I need to get the same matrix, but replace each value with the number of neighbors to which I could get by moving by one step in any direction, but walking only along 1

As a result, I should get the follow:

finish = np.array([
    [4,4,0,2],
    [4,0,0,2],
    [0,4,0,0]
                 ])

It seems to me that this is a well-known problem, but I have not even figured out how to formulate it in search, since everything that I was looking for is a bit different. What's the best way to do this?

Answer 1

You can use scipy.ndimage.label to label connected regions and return the number of regions as @Mr.T points out. This can than be used to create a boolean mask for indexing and counting.

Credits should go to @Mr.T as he came up with a similar solution first. This answer is still posted as the second part is different, I find it more readable and its 40% faster on my machine.

import numpy as np
from scipy.ndimage import label

a = [[1,1,0,1],
     [1,0,0,1],
     [0,1,0,0]]) 

# Label connected regions, the second arg defines the connection structure
labeled, n_labels = label(a, np.ones((3,3)))

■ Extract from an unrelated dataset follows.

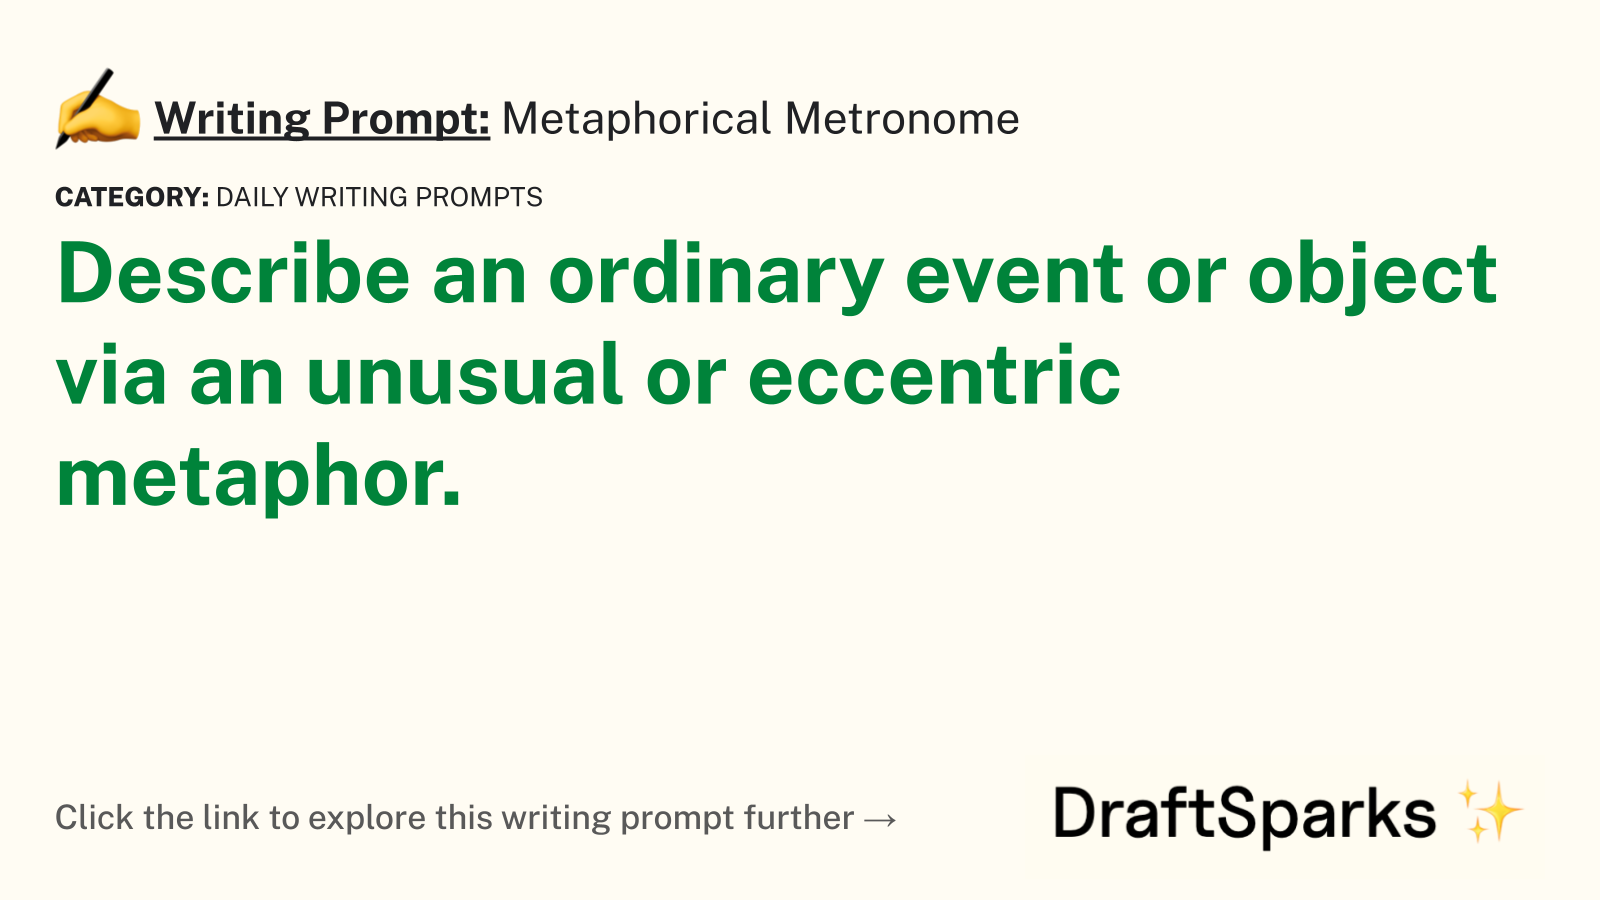 Metaphorical Metronome

# Replace label value with the size of the connected region
b = np.zeros_like(labeled)
for i in range(1, n_labels+1):
    target = (labeled==i)
    b[target] = np.count_nonzero(target)

print(b)

output:

[[4 4 0 2]
 [4 0 0 2]
 [0 4 0 0]]

Answer 2

You can use the scipy.ndimage labeling function with a customized structure array s:

import numpy as np
from scipy.ndimage import label    

start = np.asarray([ [1,1,0,1],
                   [1,0,0,1],
                   [0,1,0,0] ])

#structure array what to consider as "neighbors"
s = [[1,1,1],
     [1,1,1],
     [1,1,1]]

#label blobs in array
labeledarr,_ = label(start, structure=s)

#retrieve blobs and the number of elements within each blobs
blobnr, blobval = np.unique(labeledarr.ravel(), return_counts=True)

#substitute blob label with the number of elements
finish = np.zeros_like(labeledarr)
for k, v in zip(blobnr[1:], blobval[1:]):
    finish[labeledarr==k] = v

print(finish)

Output:

[[4 4 0 2]
 [4 0 0 2]
 [0 4 0 0]]

I am sure the final step of substituting the label number with the value of its occurrence can be optimized in terms of speed.
And @mad-physicist rightly mentioned that the initially used labeledarr.flat should be substituted by labeledarr.ravel(). The reasons for this are explained here.